# HG changeset patch
# User Roman Kennke <rkennke@redhat.com>
# Date 1421410210 -3600
# Node ID 557818193d0e6091e6bd8f872b7ff9ea3476f75b
# Parent  ac5d21fb6715ef28eba1204f64a3dfdd0c722427
Implement TLAB resizing for Shenandoah.

diff -r ac5d21fb6715 -r 557818193d0e src/share/vm/gc_implementation/shenandoah/shenandoahConcurrentThread.cpp
--- a/src/share/vm/gc_implementation/shenandoah/shenandoahConcurrentThread.cpp	Fri Jan 16 12:30:35 2015 +0100
+++ b/src/share/vm/gc_implementation/shenandoah/shenandoahConcurrentThread.cpp	Fri Jan 16 13:10:10 2015 +0100
@@ -166,6 +166,7 @@
 }
 
 void ShenandoahConcurrentThread::schedule_full_gc() {
+  tty->print_cr("scheduling full gc");
   _do_full_gc = true;
 }
 
diff -r ac5d21fb6715 -r 557818193d0e src/share/vm/gc_implementation/shenandoah/shenandoahHeap.cpp
--- a/src/share/vm/gc_implementation/shenandoah/shenandoahHeap.cpp	Fri Jan 16 12:30:35 2015 +0100
+++ b/src/share/vm/gc_implementation/shenandoah/shenandoahHeap.cpp	Fri Jan 16 13:10:10 2015 +0100
@@ -251,7 +251,17 @@
   }
 }
 
+class InitGCLABClosure : public ThreadClosure {
+  void do_thread(Thread* thread) {
+    thread->tlab().initialize();
+  }
+};
+
 void ShenandoahHeap::post_initialize() {
+
+  InitGCLABClosure init_gclabs;
+  gc_threads_do(&init_gclabs);
+
   _scm->initialize();
   ref_processing_init();
 }
@@ -386,8 +396,8 @@
   }
   return result;
 }
+
   
-
 ShenandoahHeap* ShenandoahHeap::heap() {
   assert(_pgc != NULL, "Unitialized access to ShenandoahHeap::heap()");
   assert(_pgc->kind() == CollectedHeap::ShenandoahHeap, "not a shenandoah heap");
@@ -511,7 +521,7 @@
     return allocate_large_memory(word_size);
   }
 
-  ShenandoahHeapRegion* my_current_region = get_current_region(evacuation);
+  ShenandoahHeapRegion* my_current_region = get_current_region(false);
   if (my_current_region == NULL) {
     return NULL; // No more room to make a new region.
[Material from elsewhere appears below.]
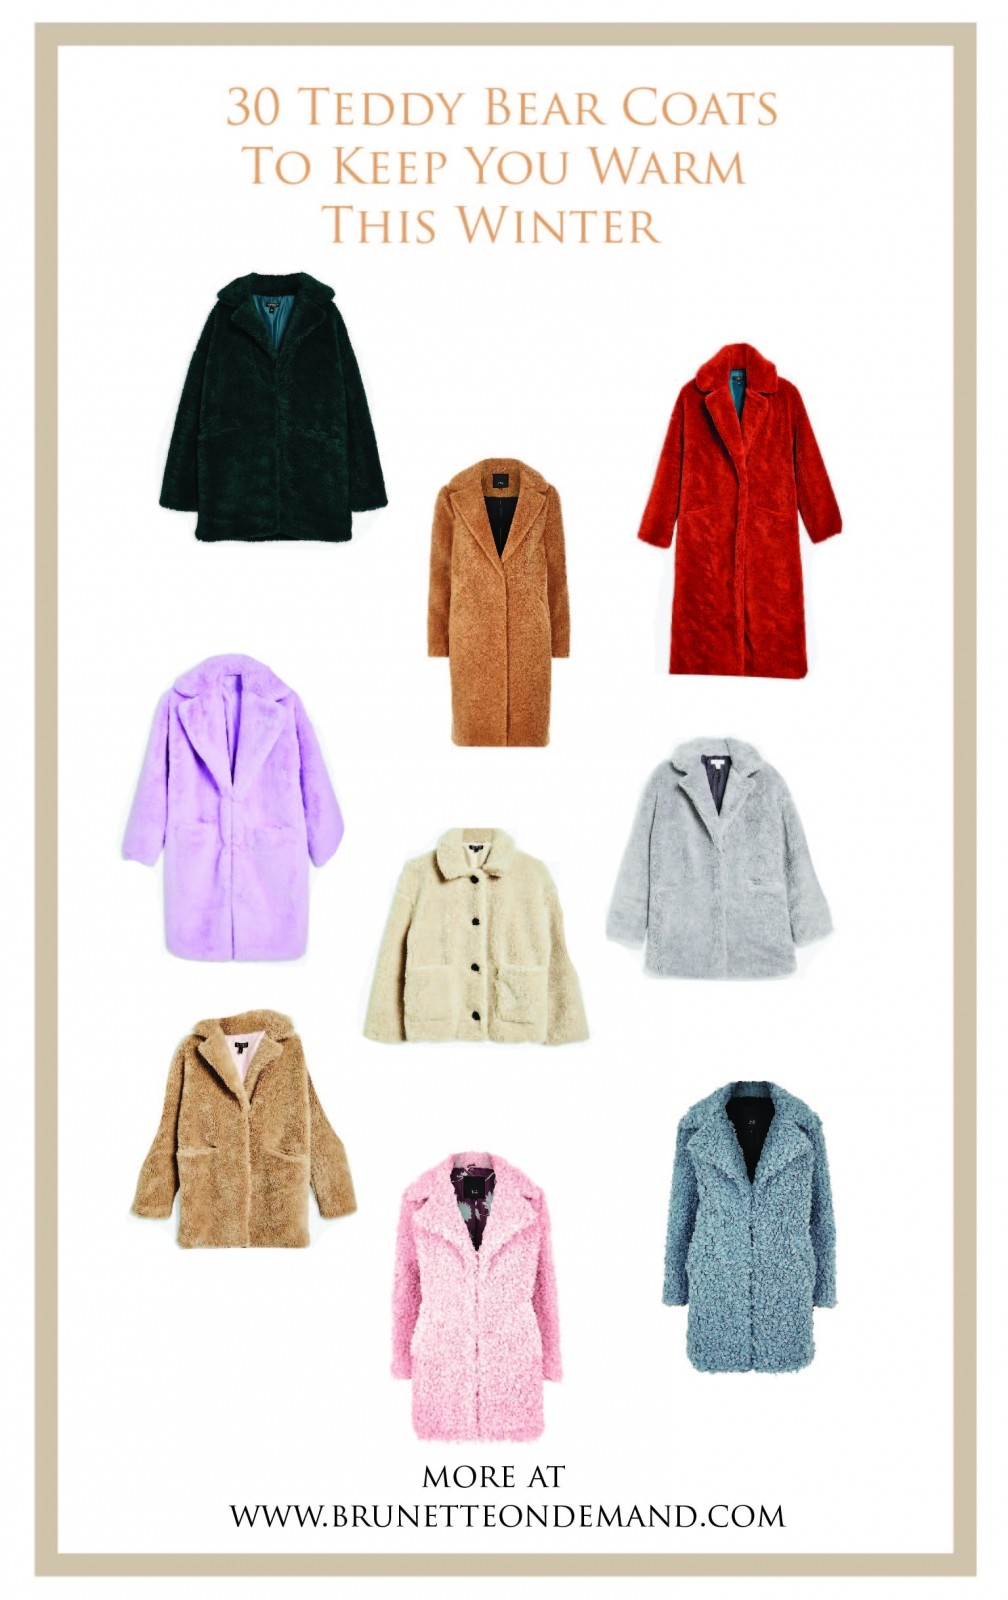 30 Teddy Bear Coats To Keep You Warm This Winter - Brondema
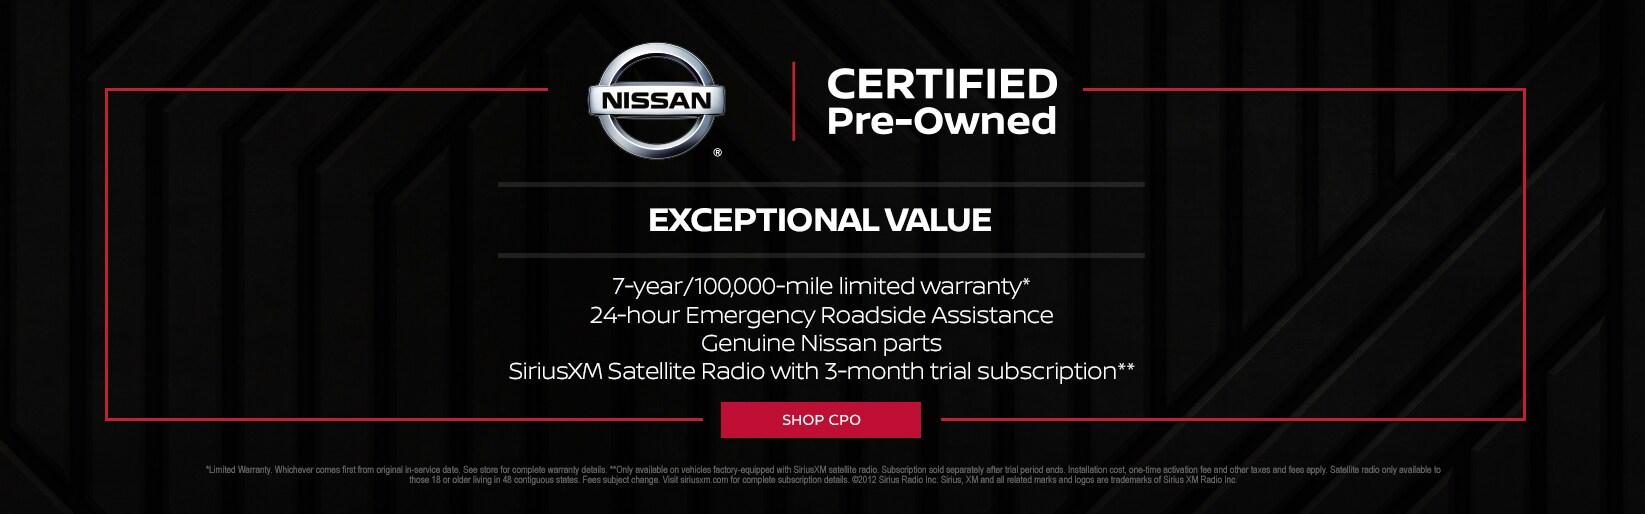 Nissan Dealership Near Me In Miami | AutoNation Nissan Miami

OOM.
   }
@@ -530,7 +540,7 @@
   result = my_current_region->par_allocate(word_size);
   while (result == NULL && my_current_region != NULL) {
     // 2nd attempt. Try next region.
-    my_current_region = get_next_region(evacuation);
+    my_current_region = get_next_region(false);
     if (my_current_region == NULL) {
       return NULL; // No more room to make a new region. OOM.
     }
@@ -857,7 +867,7 @@
     if (ShenandoahGCVerbose) 
       tty->print("Thread %d post barrier sync\n", worker_id);
 
-    Thread::current()->gclab().make_parsable(true);
+    Thread::current()->tlab().make_parsable(true);
   }
 };
 
@@ -1168,26 +1178,14 @@
 
   void do_thread(Thread* thread) {
     thread->tlab().make_parsable(_retire);
-    thread->gclab().make_parsable(_retire);
   }
 };
 
 void ShenandoahHeap::ensure_parsability(bool retire_tlabs) {
-  assert(SafepointSynchronize::is_at_safepoint() ||
-         !is_init_completed(),
-         "Should only be called at a safepoint or at start-up"
-         " otherwise concurrent mutator activity may make heap "
-         " unparsable again");
-  const bool use_tlab = UseTLAB;
-  // The main thread starts allocating via a TLAB even before it
-  // has added itself to the threads list at vm boot-up.
-  assert(!use_tlab || Threads::first() != NULL,
-         "Attempt to fill tlabs before main thread has been added"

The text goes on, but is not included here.